Exercise data |
--- START ---
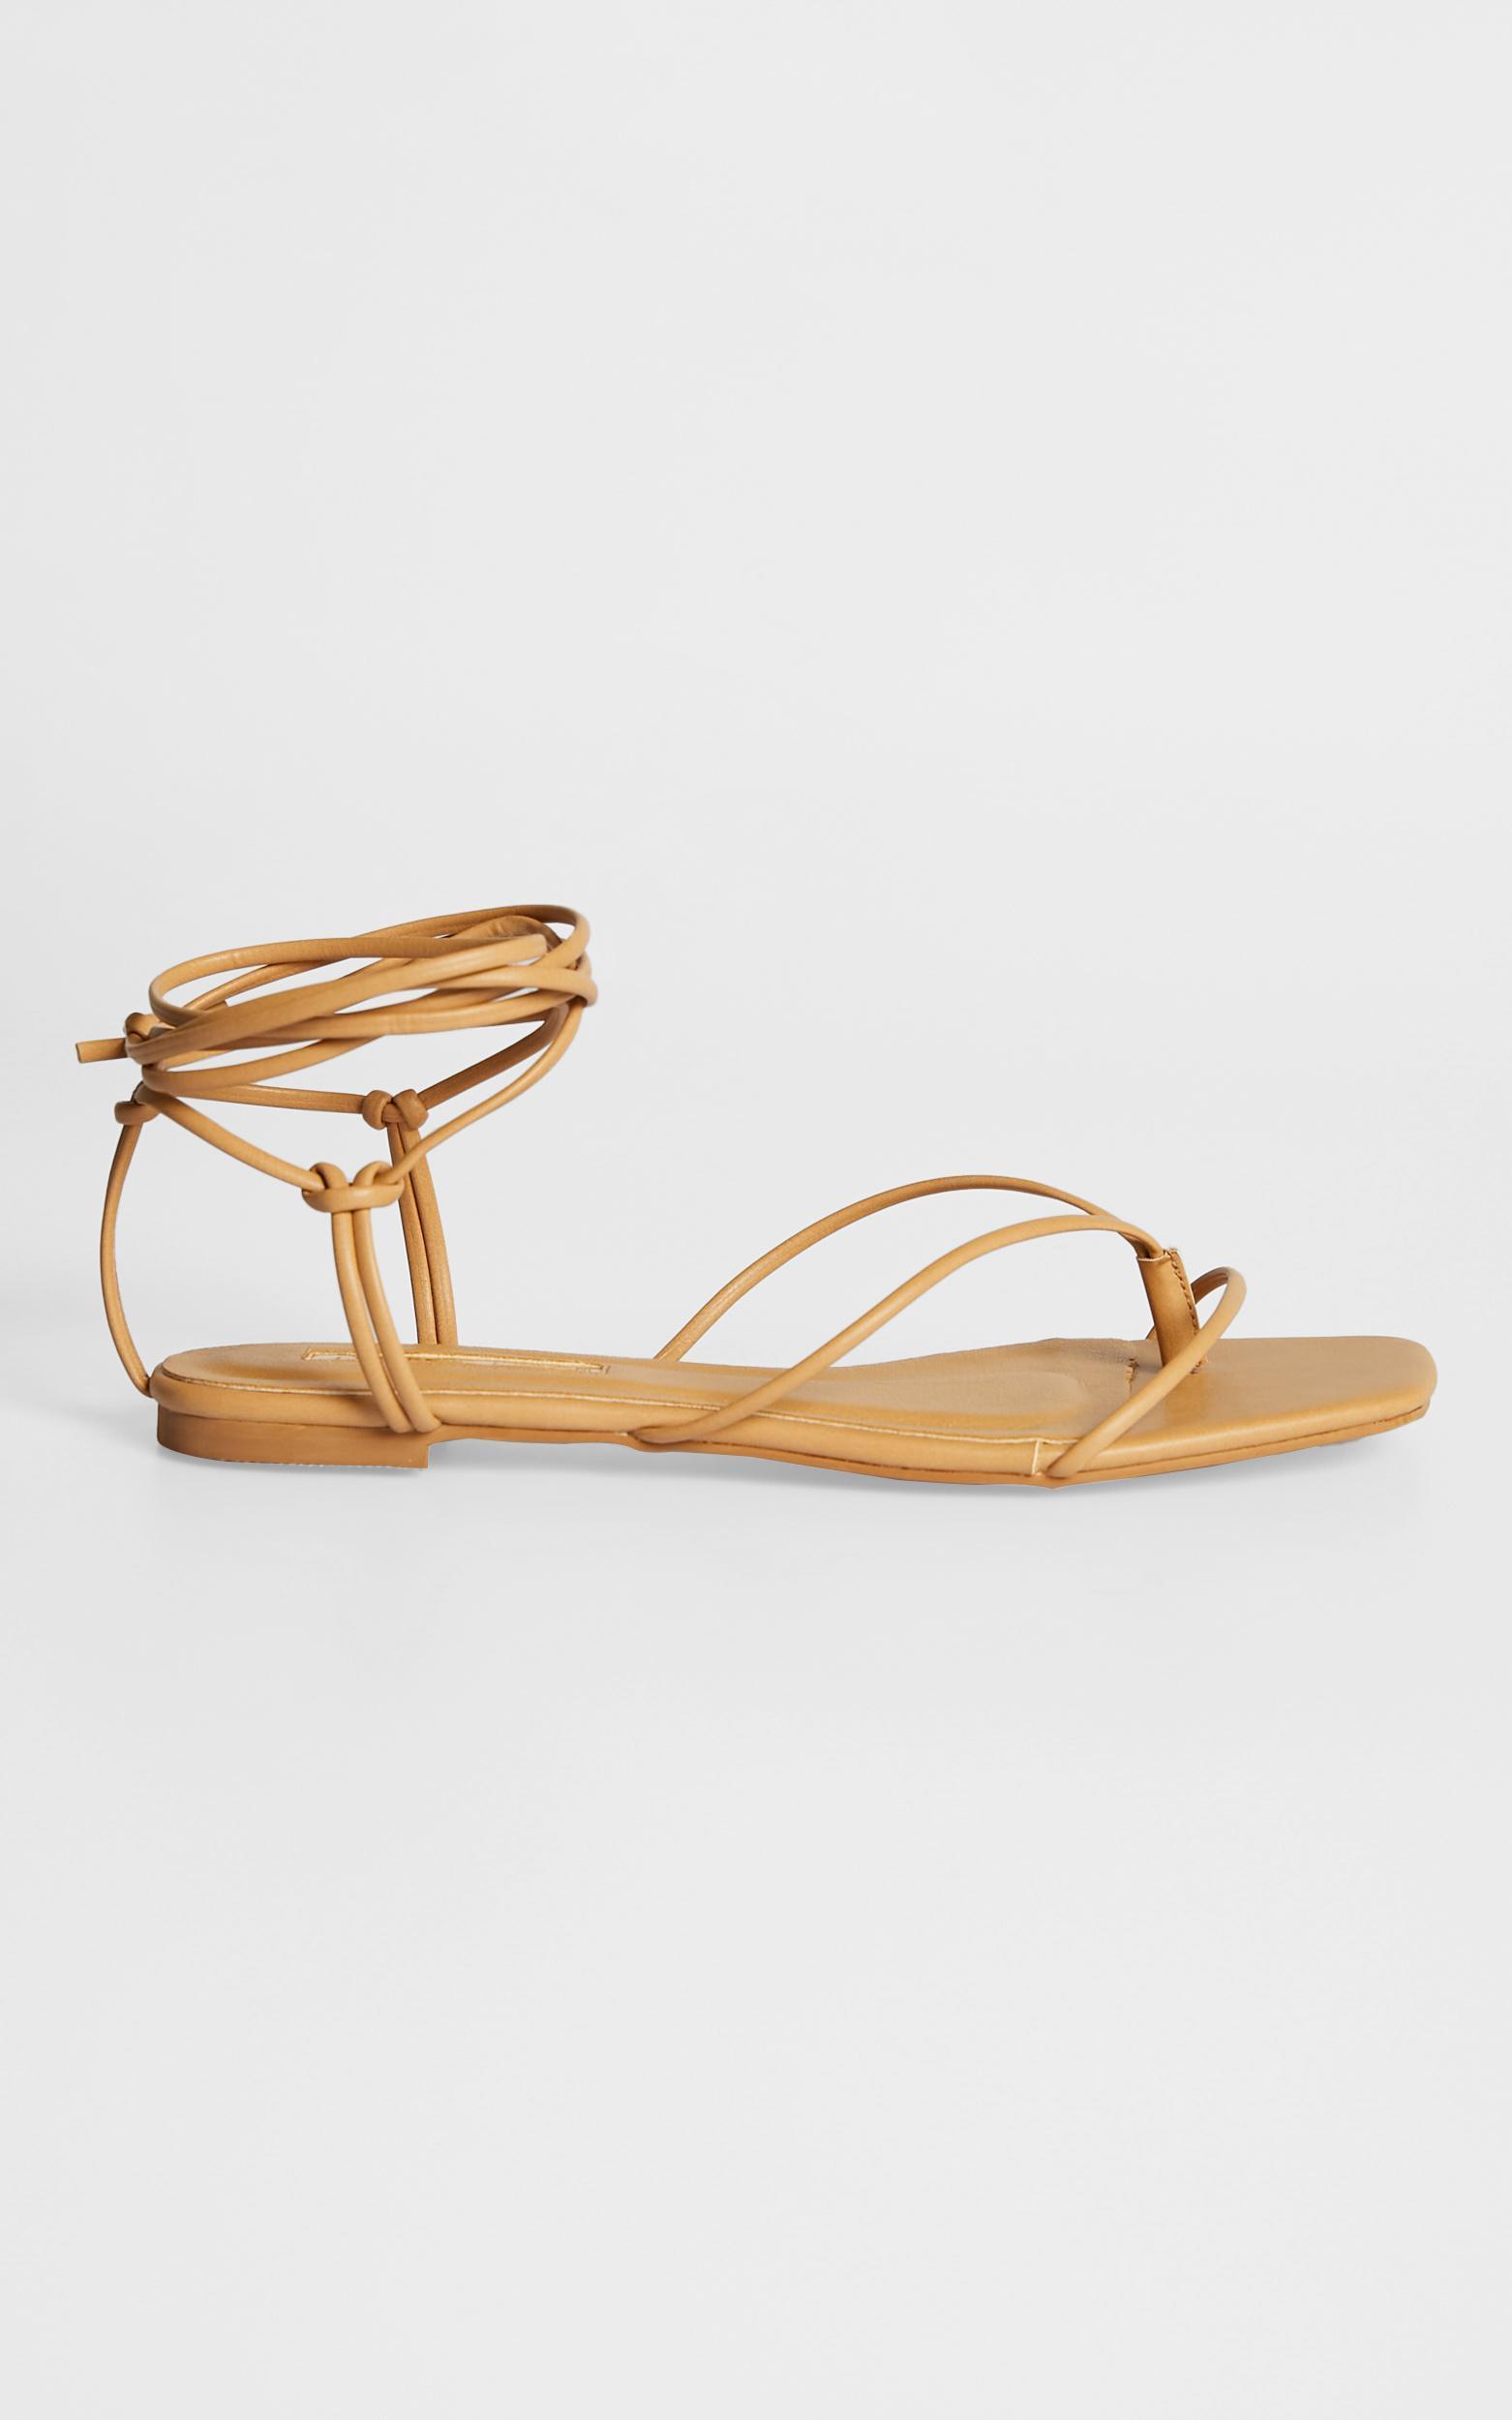 Billini - Amina Sandals in Desert - 5, Tan, hi-res image number null
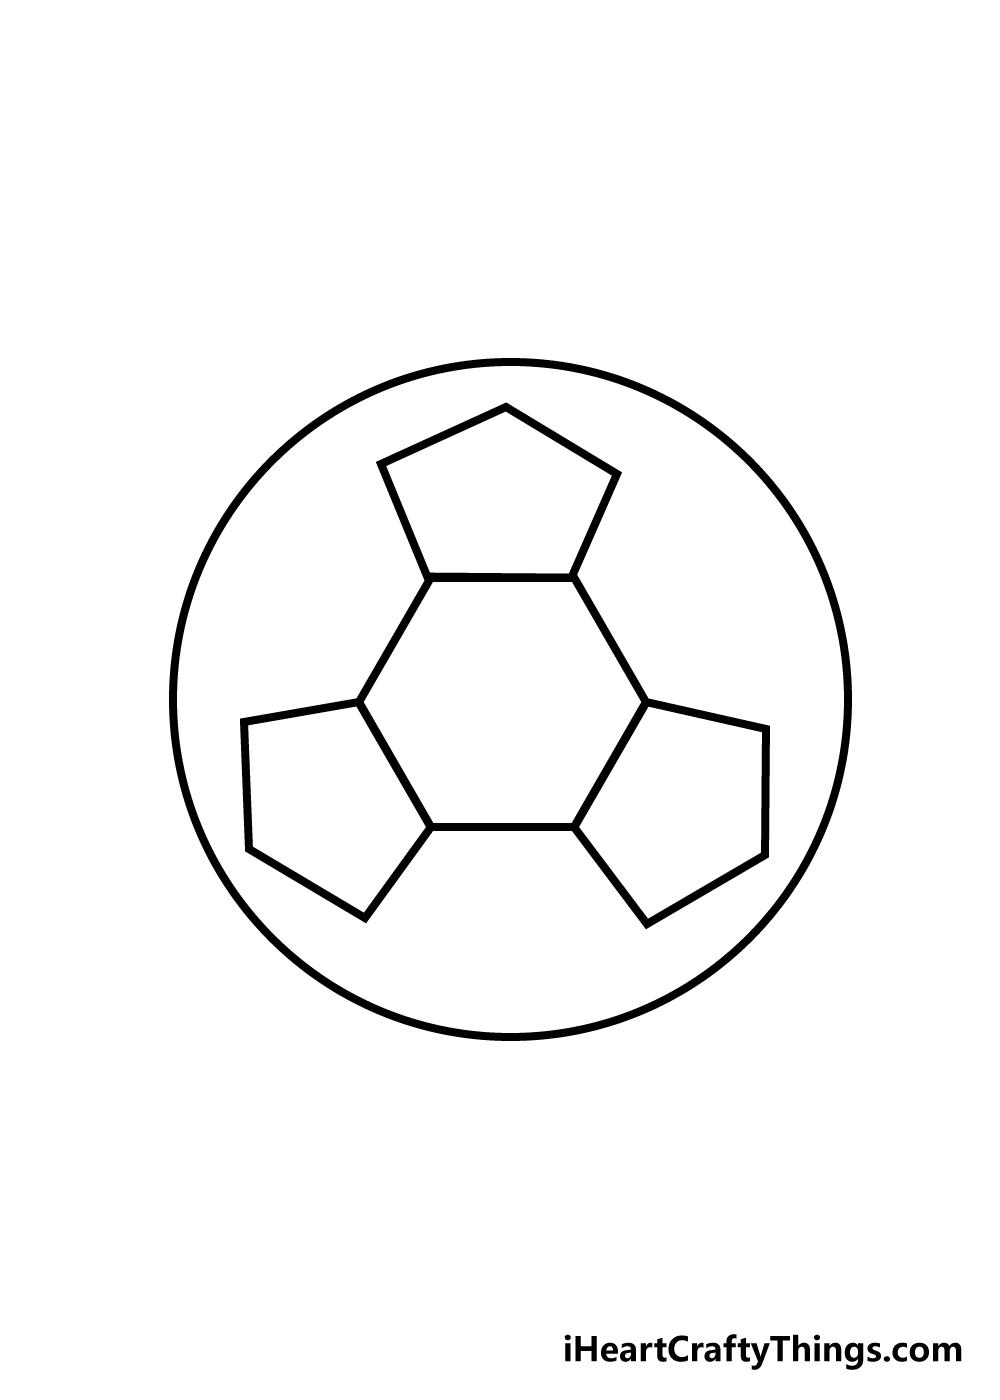 soccer ball drawing step 3
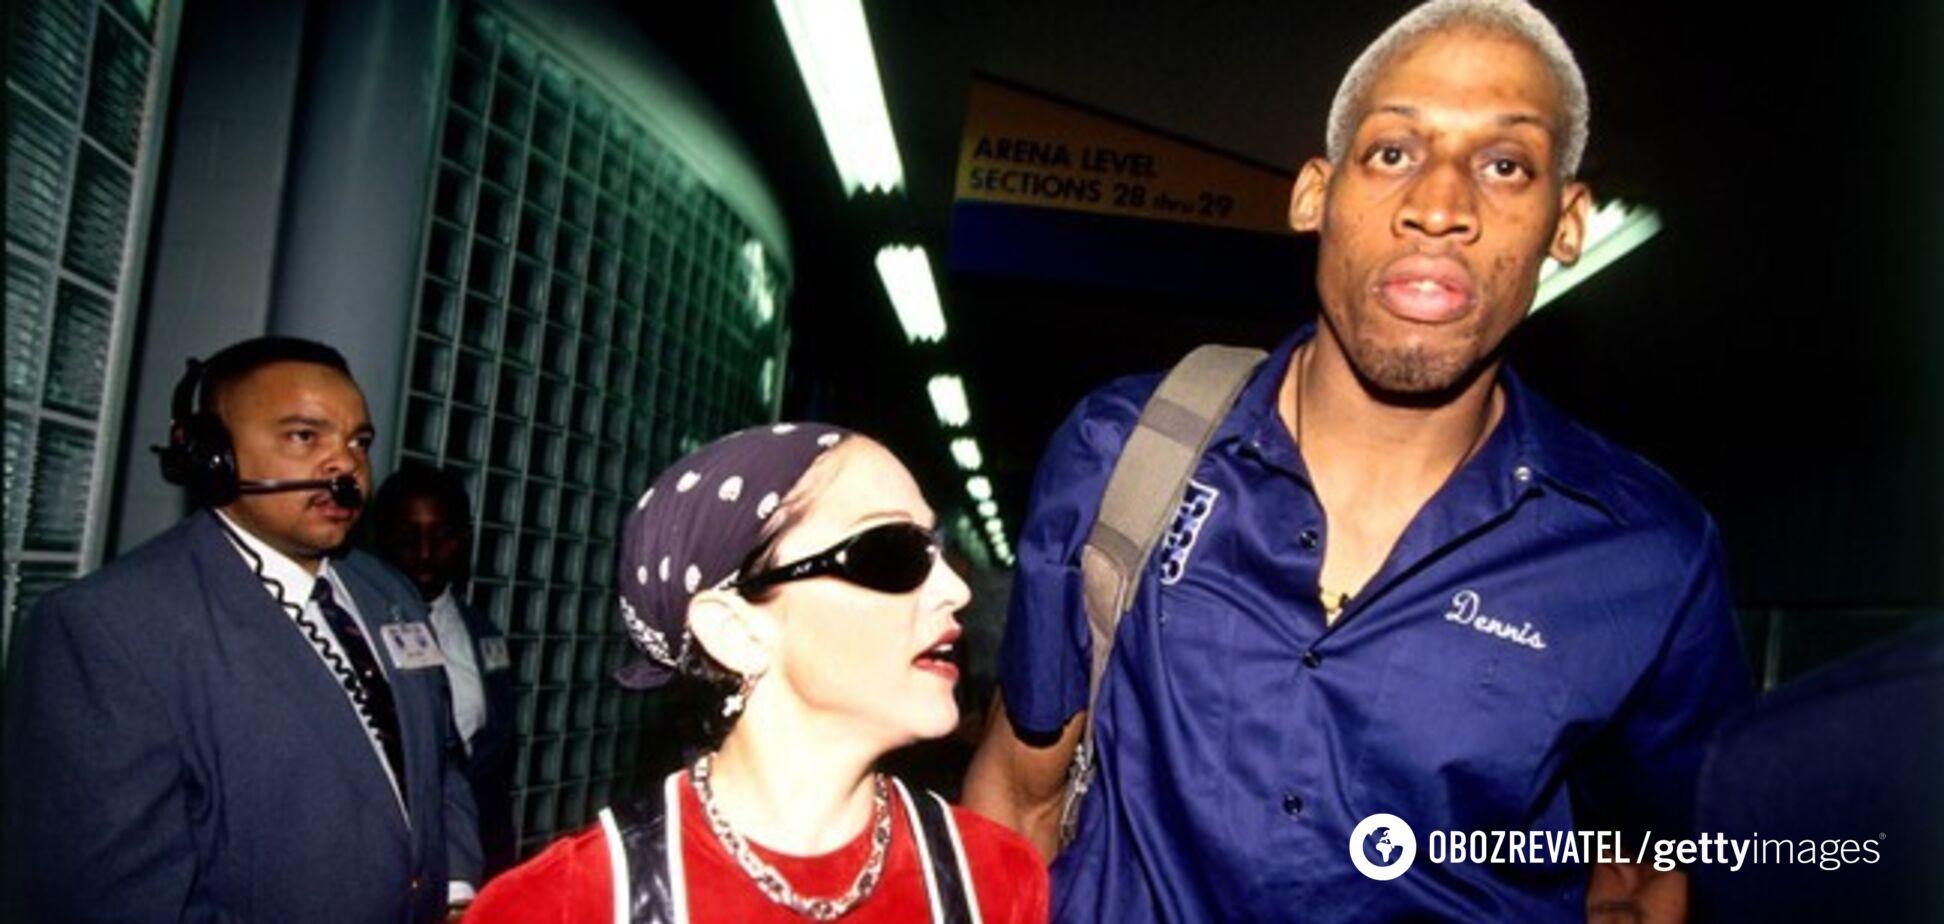 Секс за $20 млн: легенда НБА раскрыл подробности романа с Мадонной
--- END ---
About this exercise |
All of the material above is to be retyped verbatim, with its pictures omitted.

Solution to this exercise |
 Billini - Amina Sandals in Desert - 5, Tan, hi-res image number null
 soccer ball drawing step 3
 Секс за $20 млн: легенда НБА раскрыл подробности романа с Мадонной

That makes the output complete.